Task 2: In the task2 function in lab5.py, write expressions to extract the following subarrays of b:

  • rows 0, 1, and 2.

  • rows 0, 1, and 5

  • columns 0, 1, and 2

  • columns 0, 1, and 3

  • columns 0, 1, and 2 from rows 2 and 3.

Task 3: We have imported the functions linear_regression and prepend_ones_column (which you will use in PA #5) in lab5.py. Write code to call linear_regression using a column of all ones and columns 2 (RODENTS) and 3 (GARBAGE) of city_data as the value for X and column 7 (CRIME_TOTALS) as the value for y. This function expects a two-dimensional NumPy array for the value of X and a one-dimensional NumPy array for the value of y.

Hint: you can do this task in a single line of code.

The result should be:

array([ 66.60834501   0.58072845  16.82863941])

Do not worry if you do not understand what this result means.

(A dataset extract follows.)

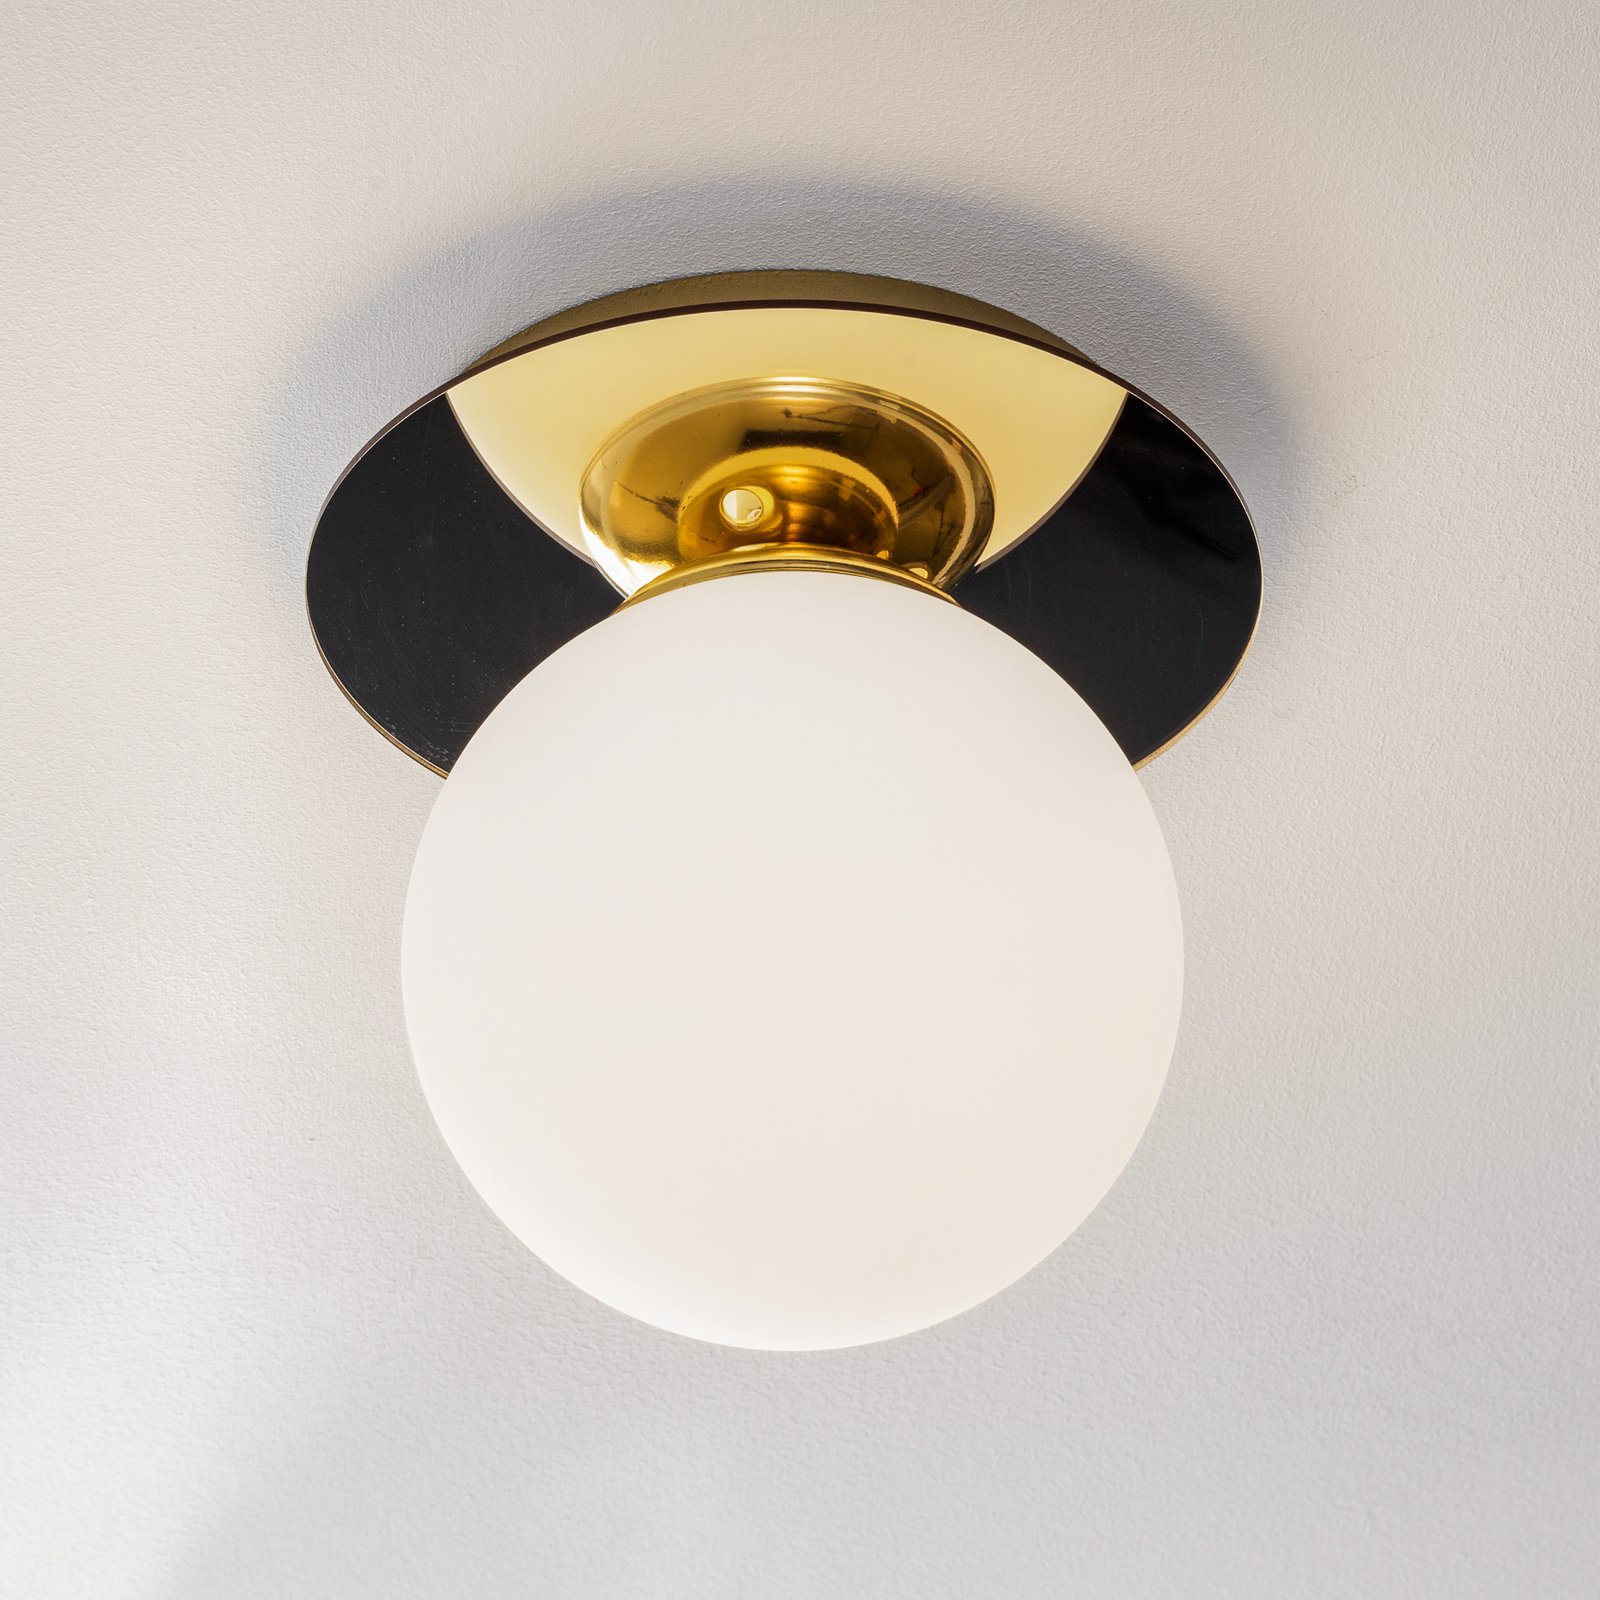 Plato ceiling light, one-bulb, Ø 25 cm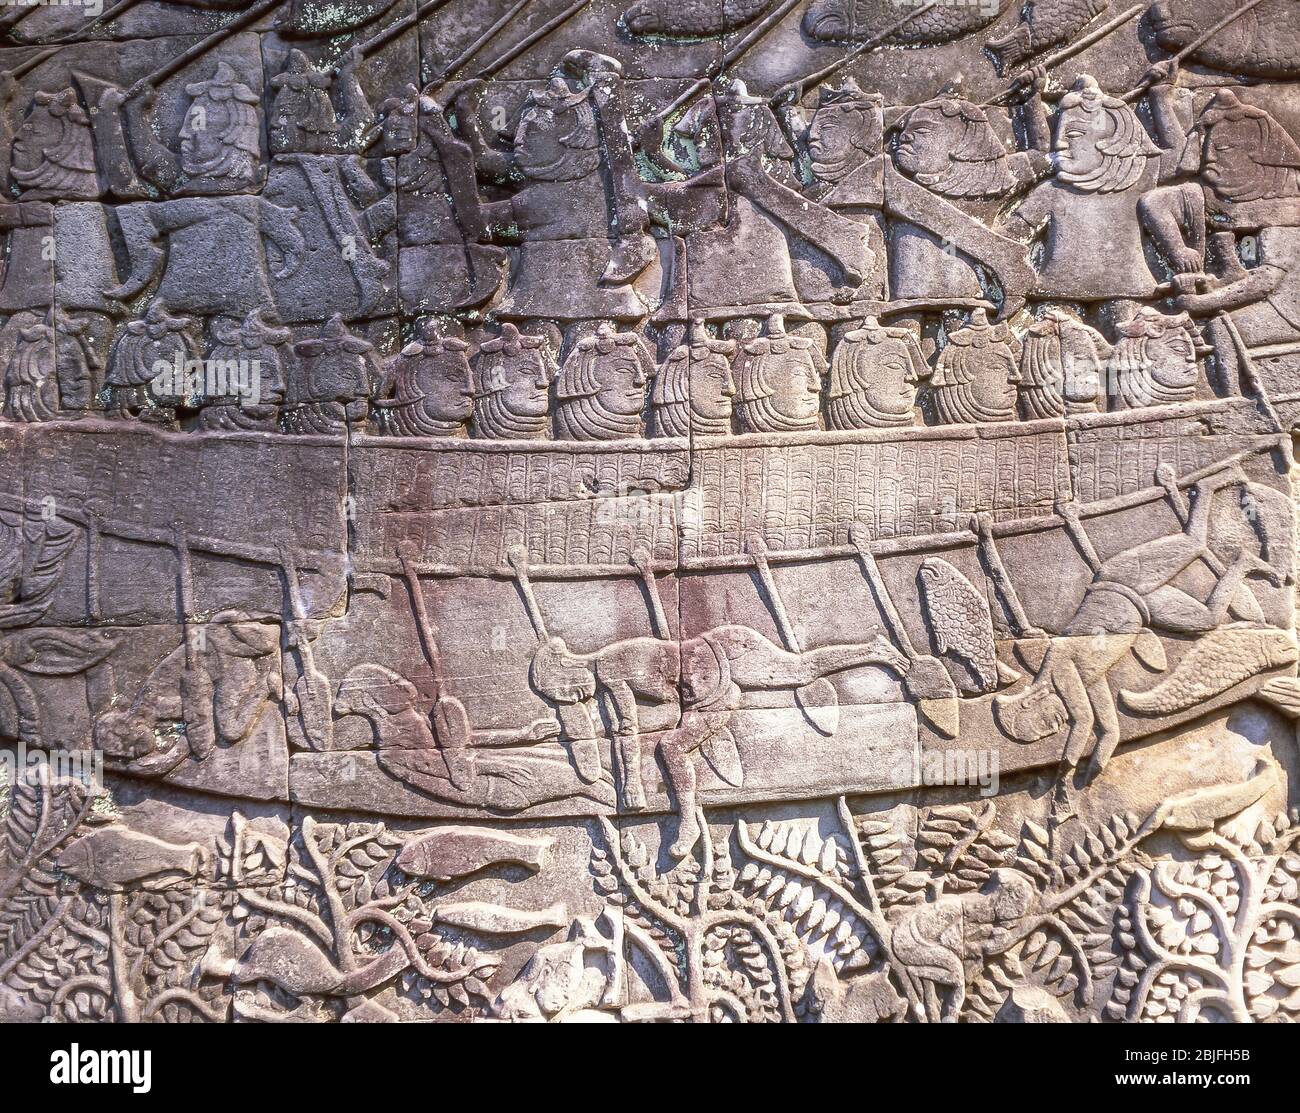 Bajo-relieve de los guerreros Cham en un barco durante la batalla, galería sur, el templo de Bayon, Ankor Thom, Siem Reap, Reino de Camboya Foto de stock

The goal is to ensure you understand how to perform basic array operations. In PA #5 we will dig deeper into the linear regression involved in this computation.

Task 4: Write code to call linear_regression using a column of all ones and column 0 (GRAFFITI) of city_data as the value for X and column 7 (CRIME_TOTALS) as the value for y.

The result should be:

array([ 593.77754996    0.76632378])

Other useful operations

You can find the number of dimensions, shape, and the number of elements in a NumPy array using the ndim, shape and size properties respectively.

In [42]: b.ndim
Out[42]: 2

In [43]: b.shape
Out[43]: (6, 4)

In [44]: b.size
Out[44]: 24

As noted above, you can compute the mean of the elements using the mean method.

In [54]: b.mean()
Out[54]: 180.16666666666666

You can also compute the per-column mean and the per-row mean using the mean method by specifying an axis, where 0 is the column axis and 1 is the row axis:

In [55]: b.mean(0)
Out[55]: array([ 146.66666667,  167.66666667,  190.66666667,  215.66666667])

In [56]: b.mean(1)
Out[56]: array([   3.5,   31.5,   91.5,  183.5,  307.5,  463.5])

In [57]: np.mean(b, axis=0)
Out[57]: array([ 146.66666667,  167.66666667,  190.66666667,  215.66666667])

In [58]: np.mean(b, axis=1)
Out[58]: array([   3.5,   31.5,   91.5,  183.5,  307.5,  463.5])

When Finished

When finished with the lab please check in your work (assuming you are inside the lab directory):

git add lab5.py
git commit -m "Finished with lab5"
git push

No, we’re not grading this, we just want to look for common errors.